Glass phase and other multiple liquid-to-liquid transitions resulting from two liquid phase competition

TL;DR

This paper investigates multiple liquid-to-liquid transitions in supercooled melts caused by competition between two liquid phases, using thermodynamic measurements and a modified nucleation model to predict transitions in metallic glasses.

Contribution

It introduces a two-liquid phase model incorporating enthalpy differences and hysteresis, advancing understanding of glass formation and liquid phase competition.

Findings

Viscosity, density, and surface tension show hysteresis below a branching temperature.

A modified nucleation equation accounts for enthalpy savings at all temperatures.

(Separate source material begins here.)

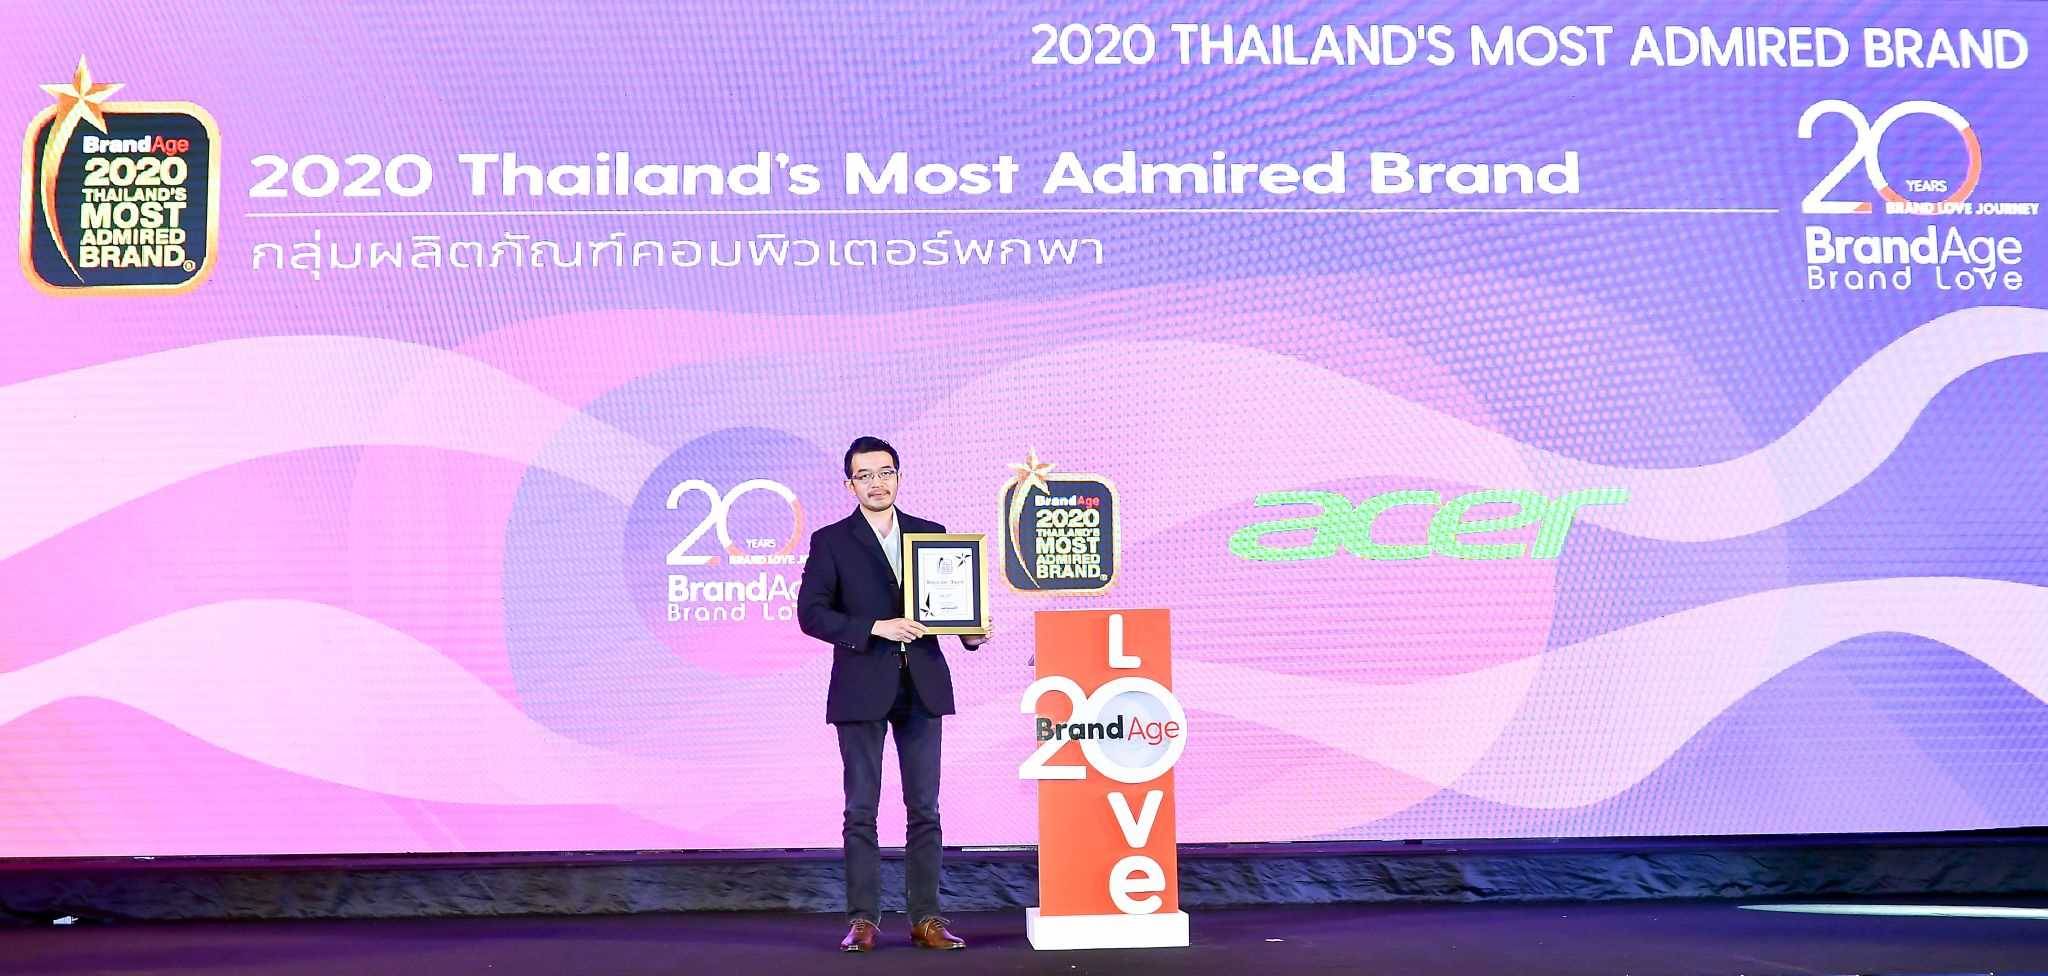 brandage 17 re ที่สุดของความภาคภูมิใจ เอเซอร์คว้า 2 รางวัลการันตีคุณภาพ Thailand’s Most Admired Brand 2020 ต่อเนื่องเป็นปีที่ 10 และ Thailands Most Admired Company 2019 จากนิตยสารแบรนด์เอจ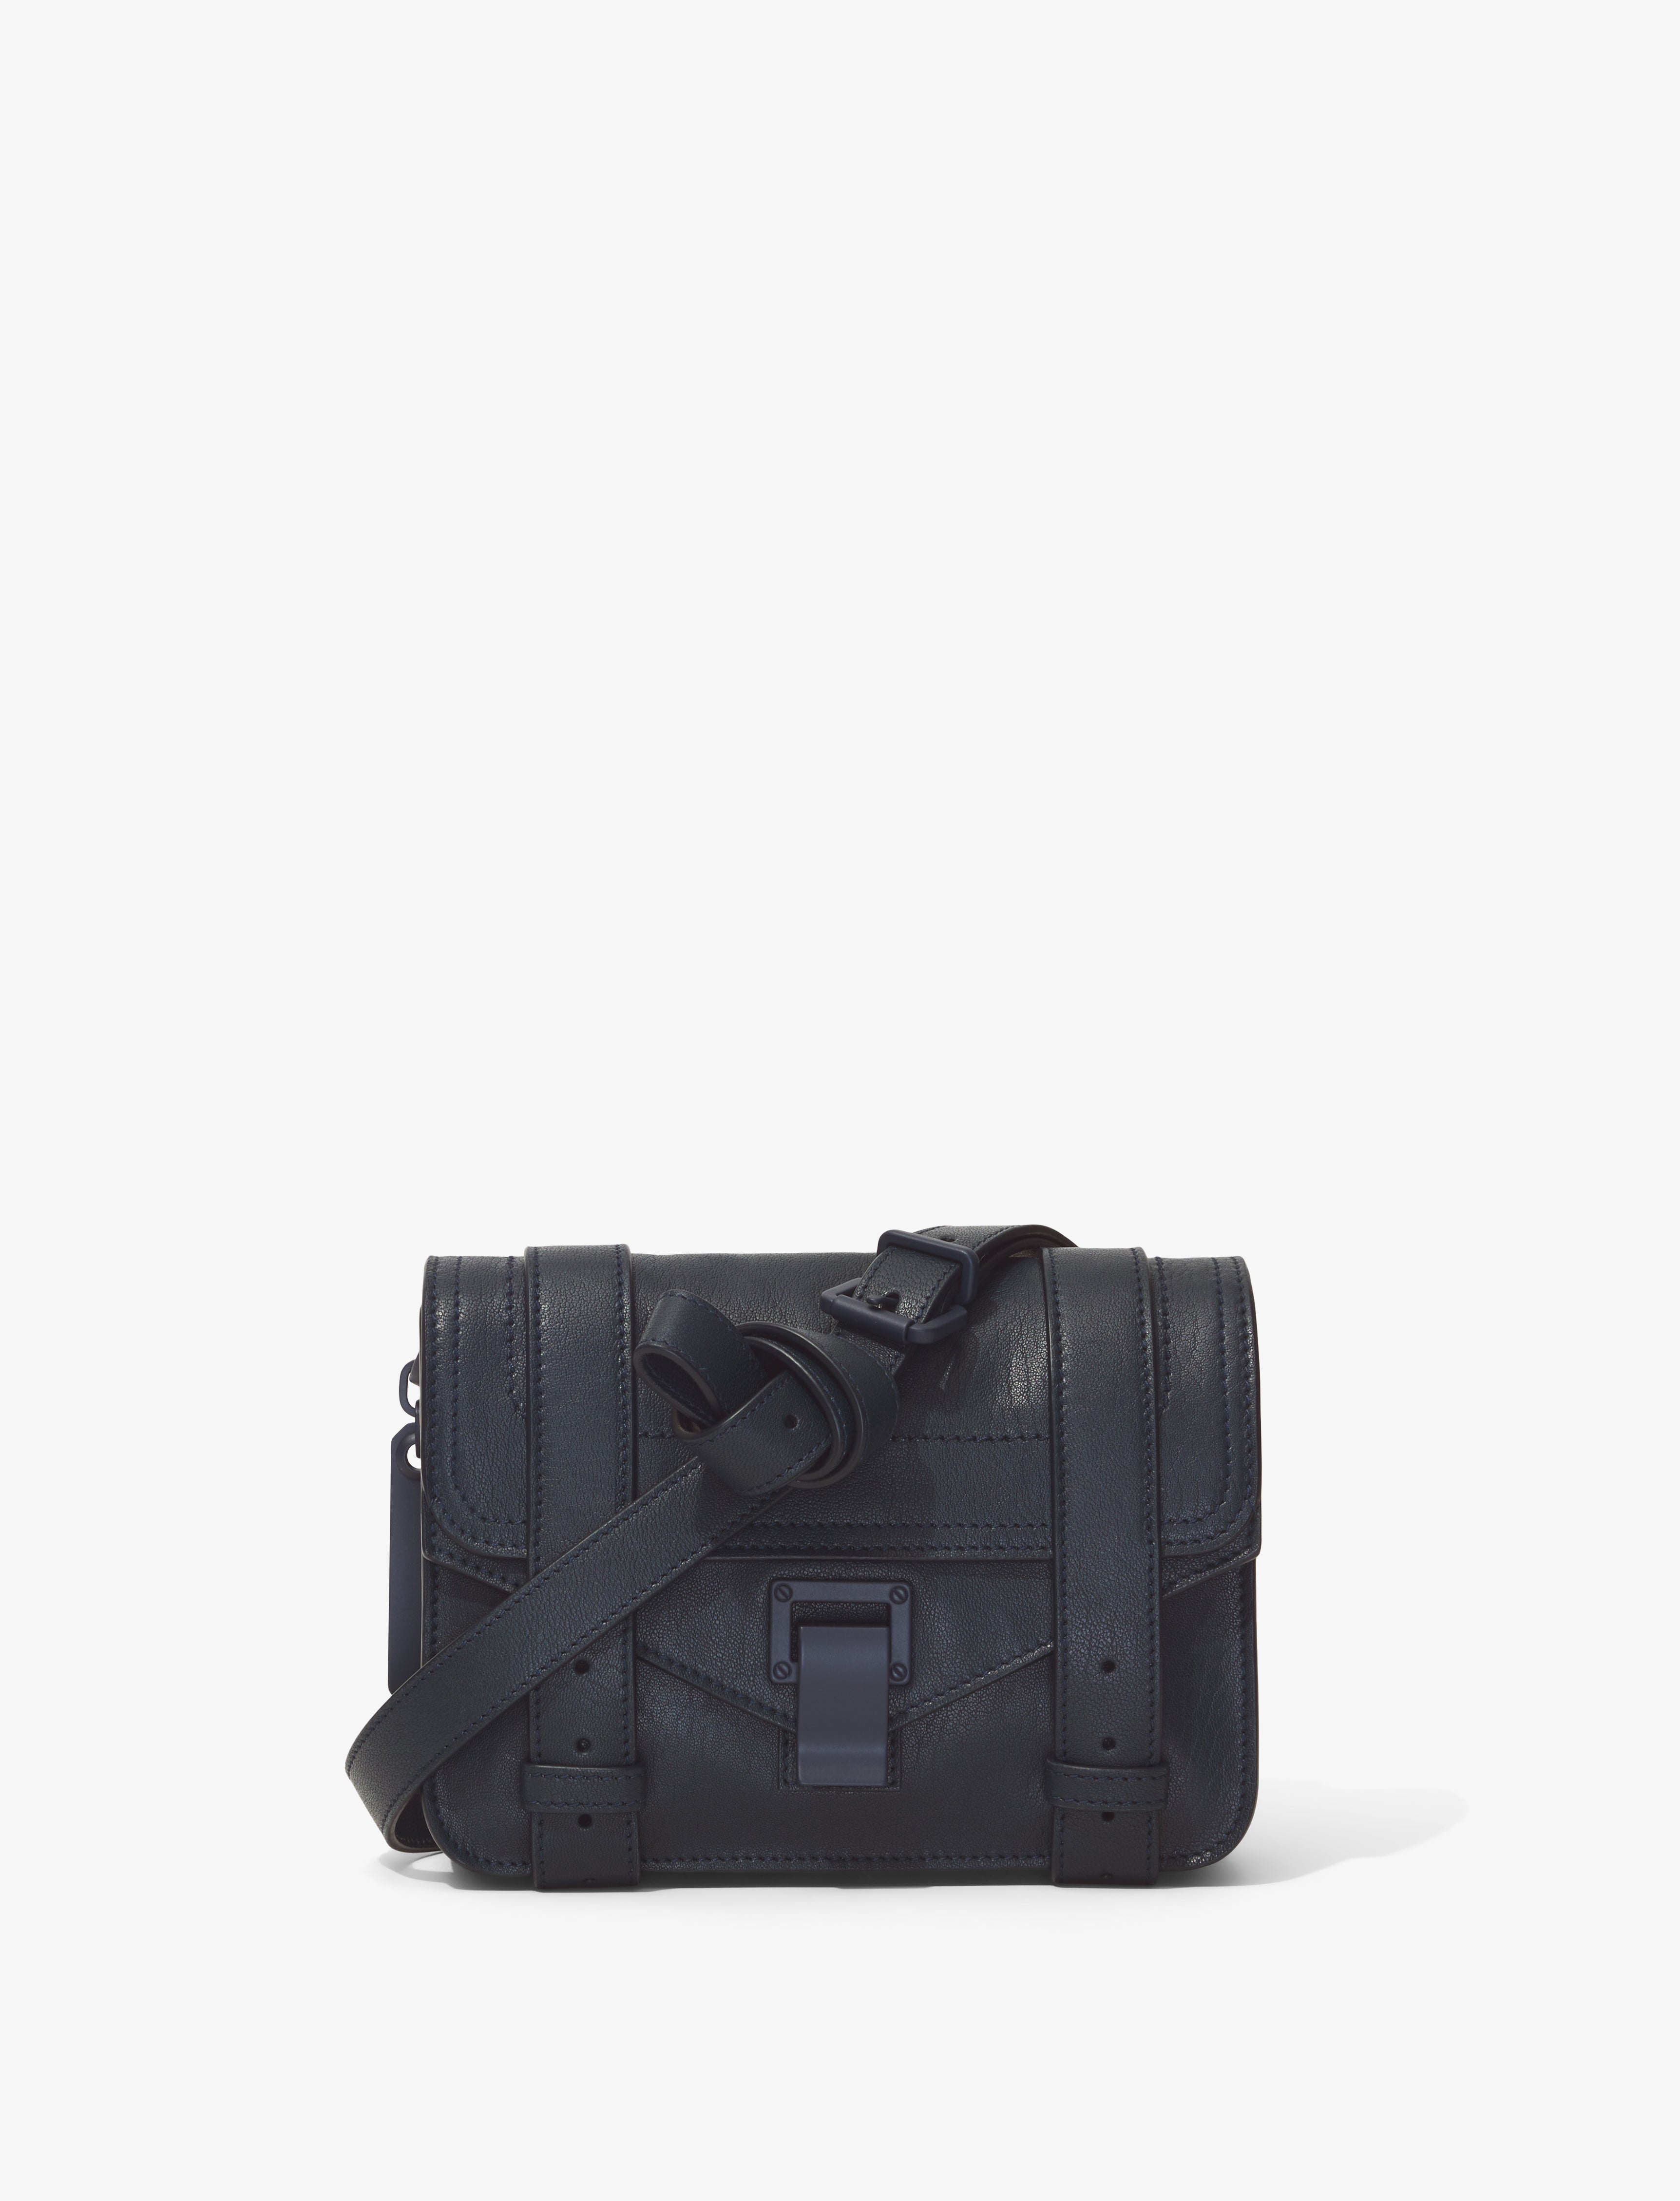 Proenza Schouler Tiny PS1 Tonal Leather Top Handle Bag in Sand

Predictions of liquid-to-liquid transitions in metallic glasses are validated.

Abstract

Melt supercooling leads to glass formation. Liquid-to-liquid phase transitions are observed depending on thermal paths. Viscosity, density and surface tension thermal dependences measured at heating and subsequent cooling show hysteresis below a branching temperature and result from the competition of two-liquid phases separated by an enthalpy difference depending on temperature. The nucleation classical equation of these phases is completed by this enthalpy saving existing at all temperatures. The glass phase thermodynamic parameters and their thermal variation have already been determined in such a two-liquid model. They are used at high temperatures to predict liquid-to-liquid transitions in some metallic glass-forming melts.